Diana Negrín, Ph.D.

An important place where we should pause our sights and minds is on the persistent link between these forms of violence and the transnational policies that have shaped the commercialization and penalization of so-called narcotics.

On April 20, an Indigenous Nasa governor from Colombia, Sandra Liliana Peña, was assassinated. Her death is evidence of the intensification of violence against the defenders of Amazonian territories where the consequences of decades of state and market policies continue to be felt in the high numbers of affected, displaced, and murdered people. As in so many other countries of Abya Yala, to belong to an Indigenous or Black community and to be an environmental defender, demand justice, and exercise self-determination with respect to one’s land, culture, and governance often comes with a death sentence. How many names must be remembered and exclaimed out loud in order to not forget?
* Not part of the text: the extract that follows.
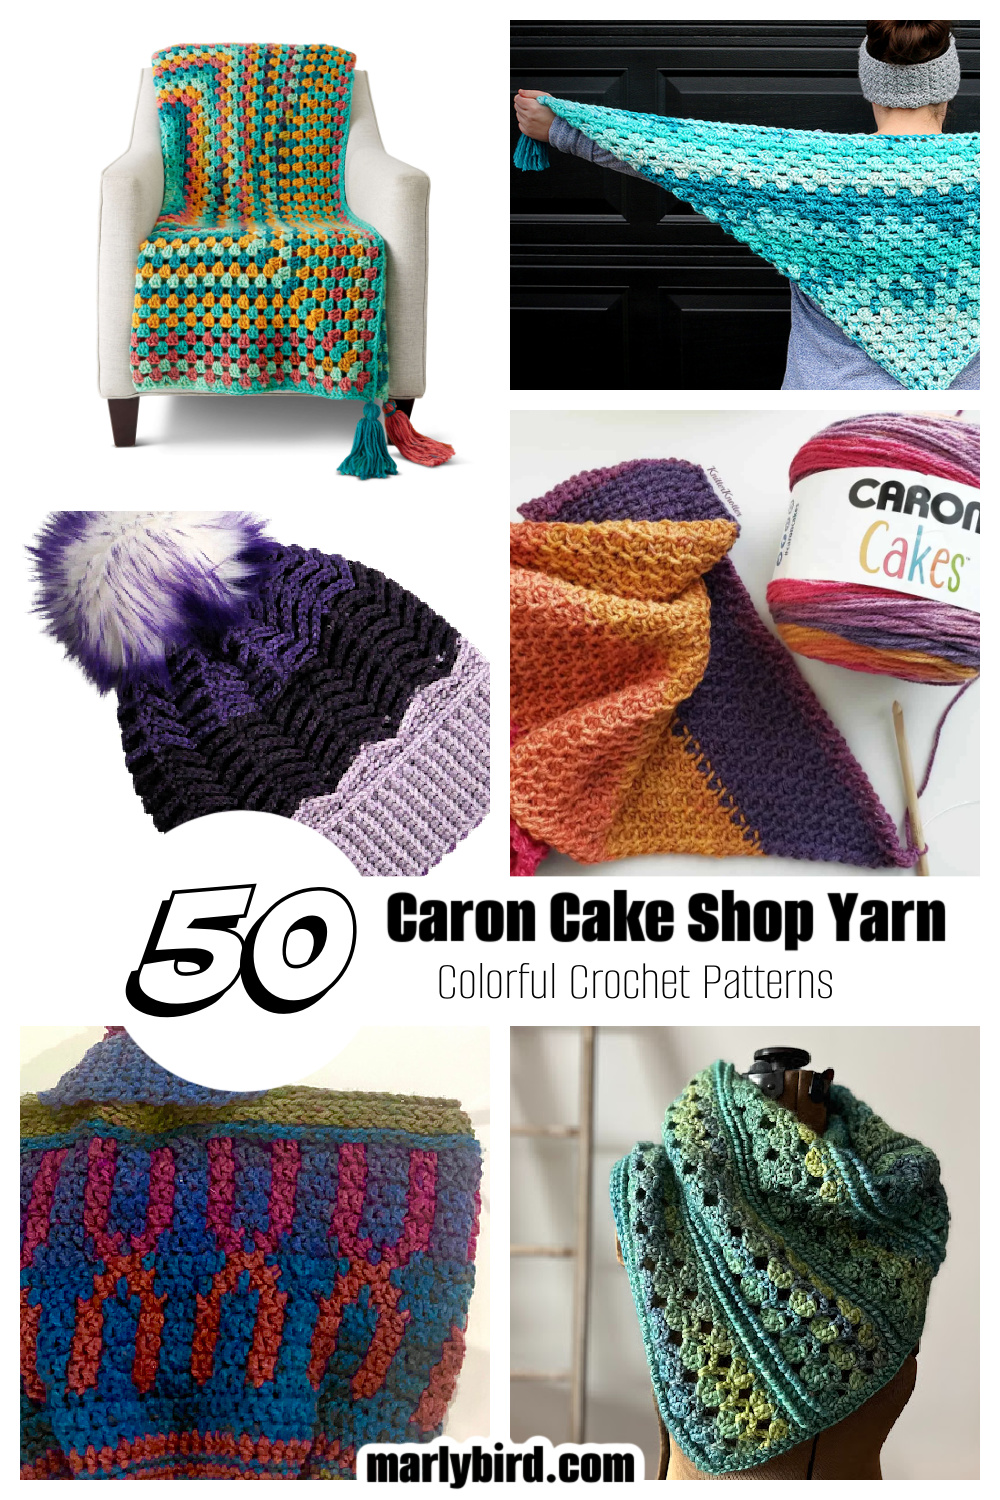 Caron Sprinkle Cakes Yarn - Discontinued Shades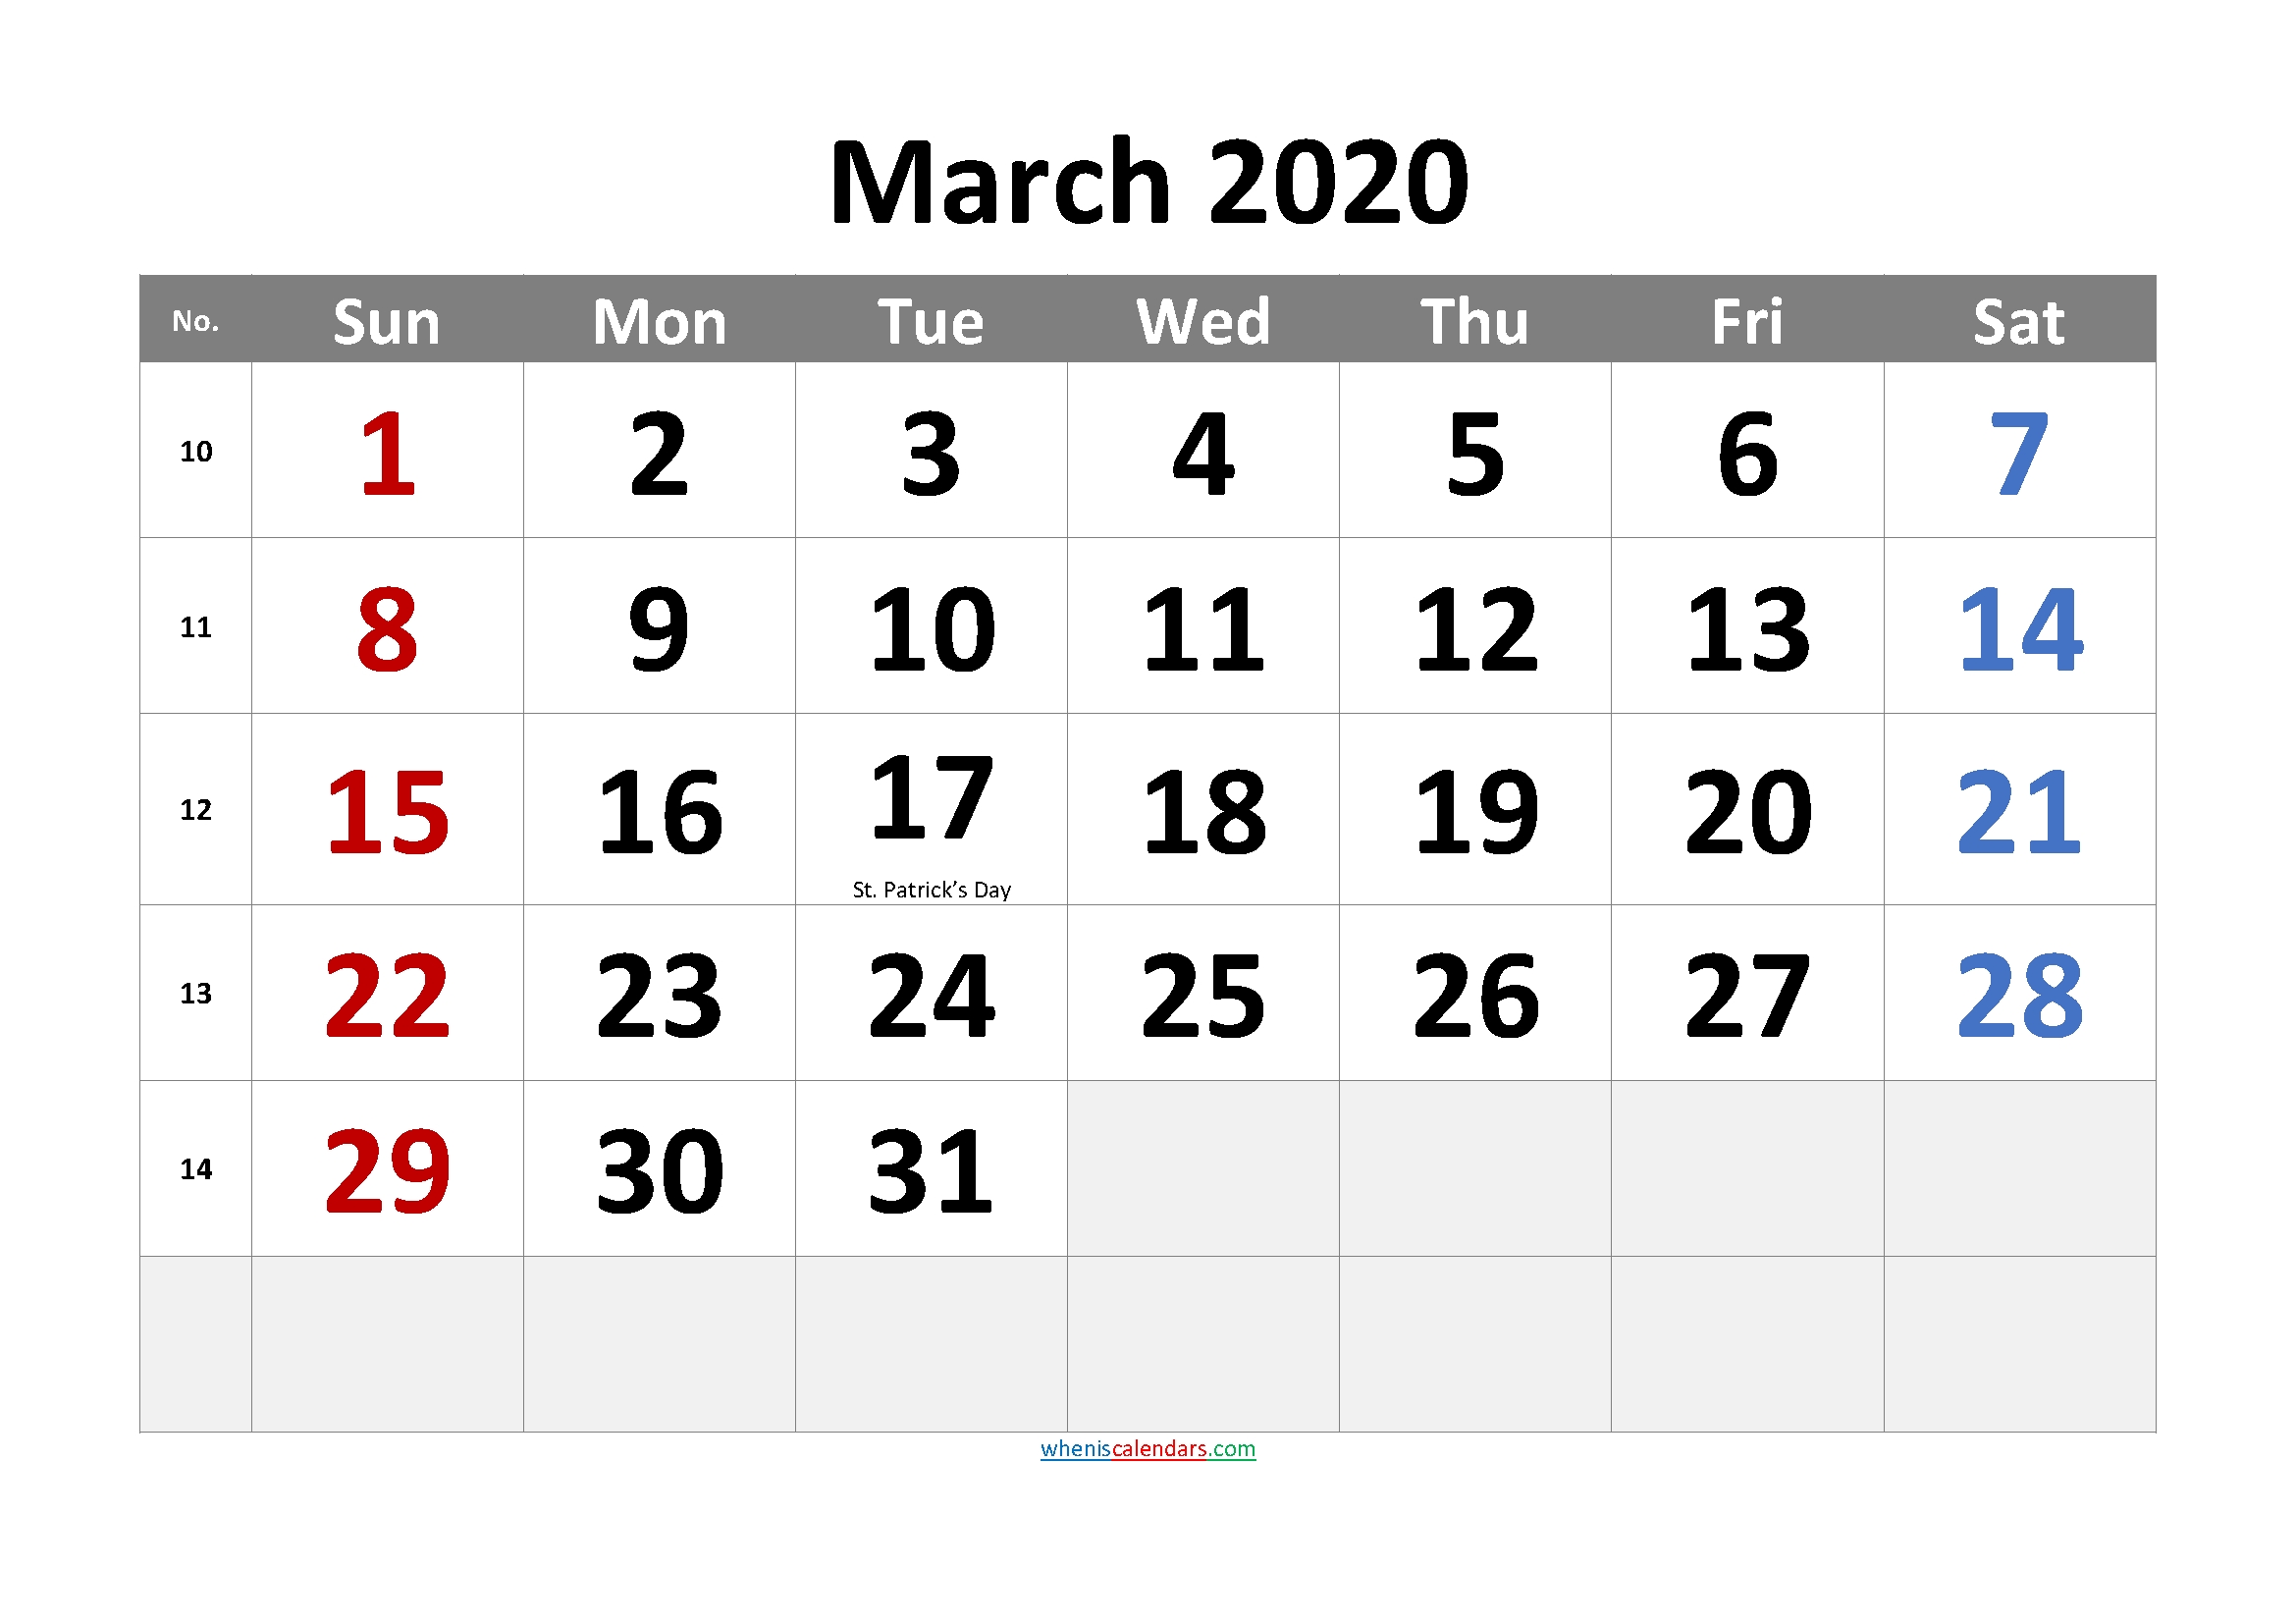 November 2020 Printable Calendar With Holidays - 6 Templates - Free Printable 2021 Monthly November 2020 - March 2021 Calendar

And what are some of the threads that help us understand the connection between the lives and deaths of Sandra Liliana Peña and Breonna Taylor, a Black woman murdered after a “no-knock” warrant was ordered at her home in Louisville, Kentucky on the night of March 13, 2020? An important place where we should pause our sights and minds is on the persistent link between these forms of violence and the transnational policies that have shaped the commercialization and penalization of so-called narcotics.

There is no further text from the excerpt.